### About this task
Skip the pictures. Output only the lines below starting at the line with "Go Chiller Astro" and ending at the line with "Luftblasen unter Wasser", both ends included, exactly as they are.

### Recorded information
%%

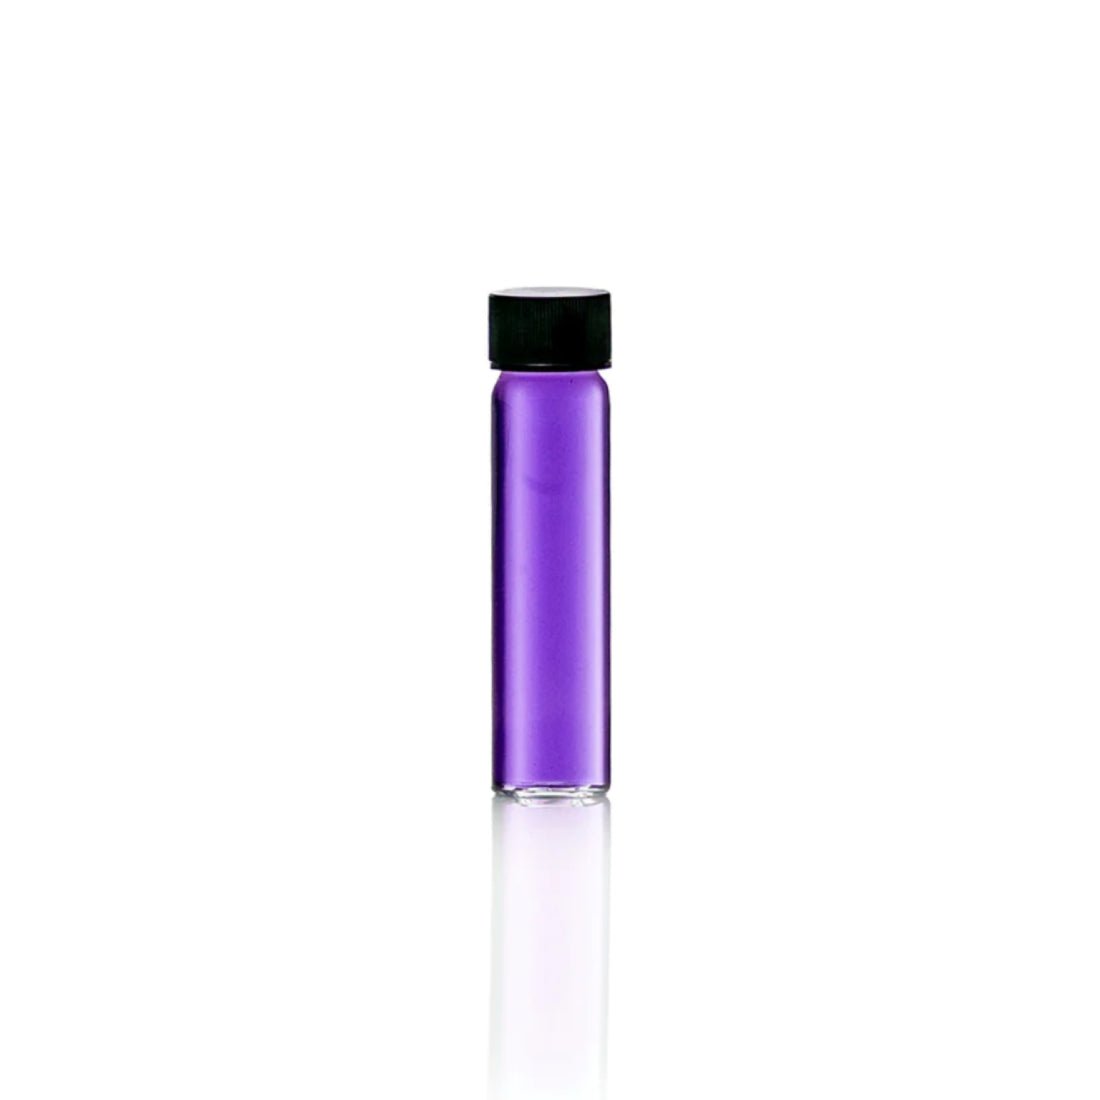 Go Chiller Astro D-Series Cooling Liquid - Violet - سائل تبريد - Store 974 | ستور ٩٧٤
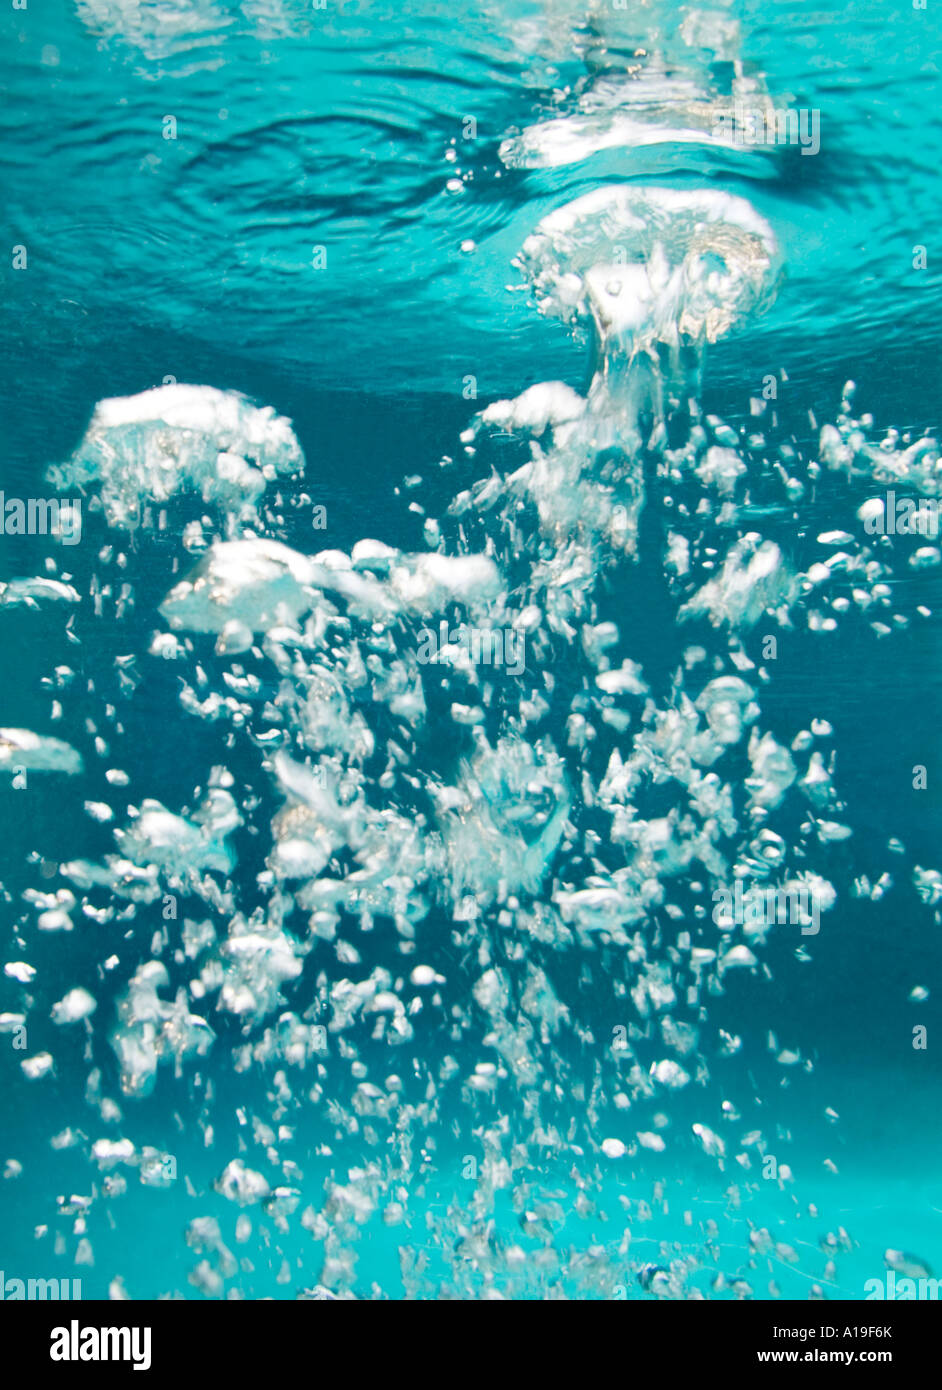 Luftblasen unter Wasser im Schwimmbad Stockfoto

%%
%%

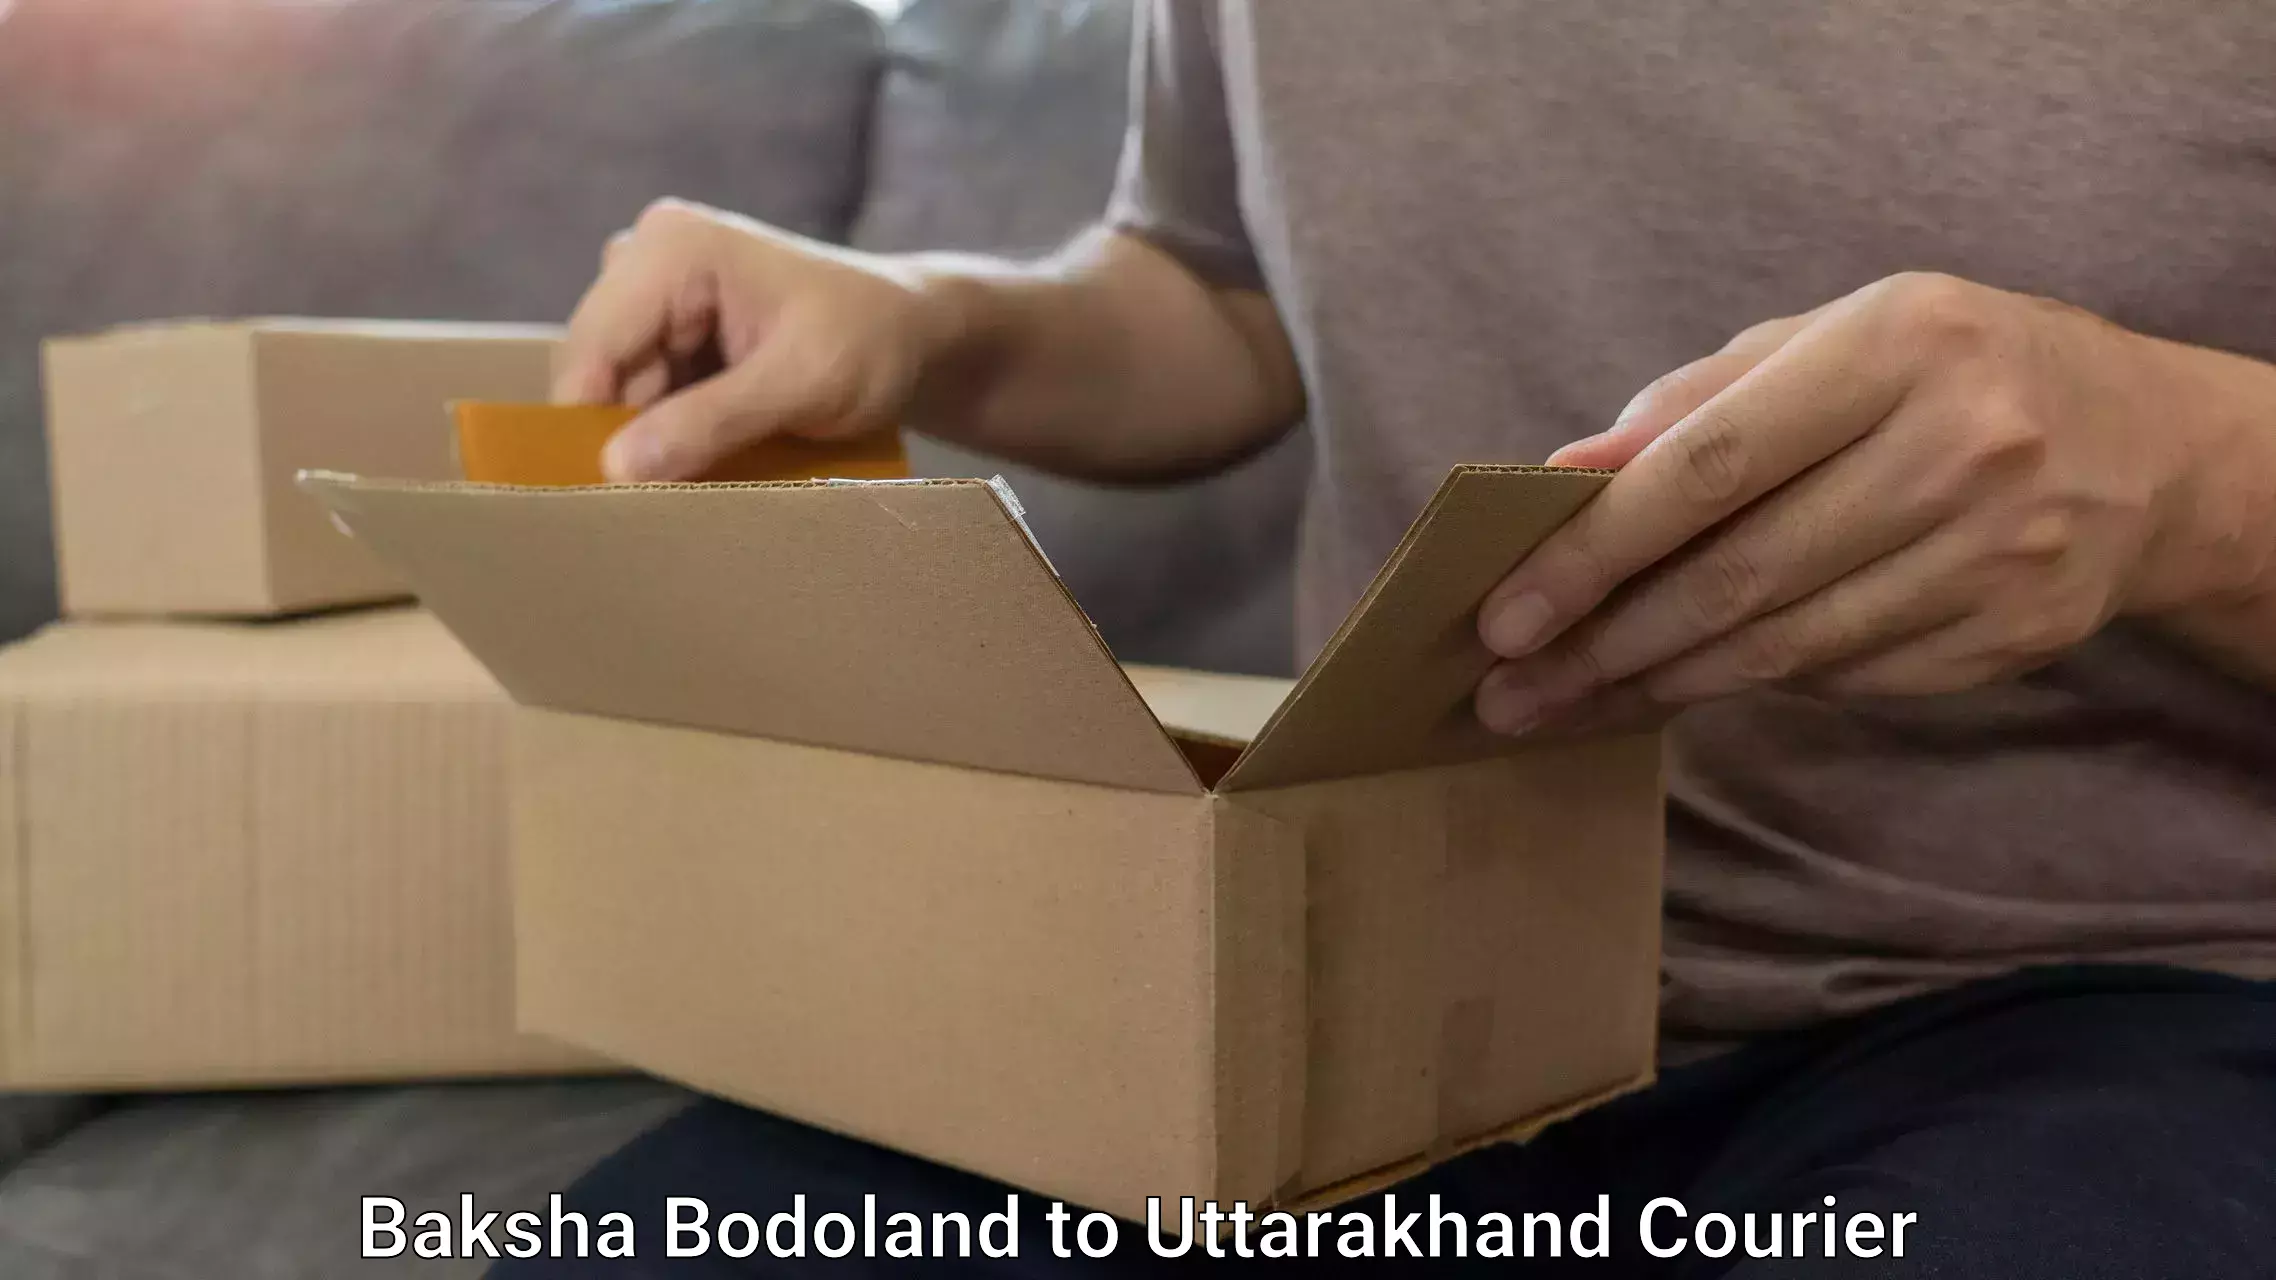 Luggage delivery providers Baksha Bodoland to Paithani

%%

### Result
 Go Chiller Astro D-Series Cooling Liquid - Violet - سائل تبريد - Store 974 | ستور ٩٧٤
 Luftblasen unter Wasser im Schwimmbad Stockfoto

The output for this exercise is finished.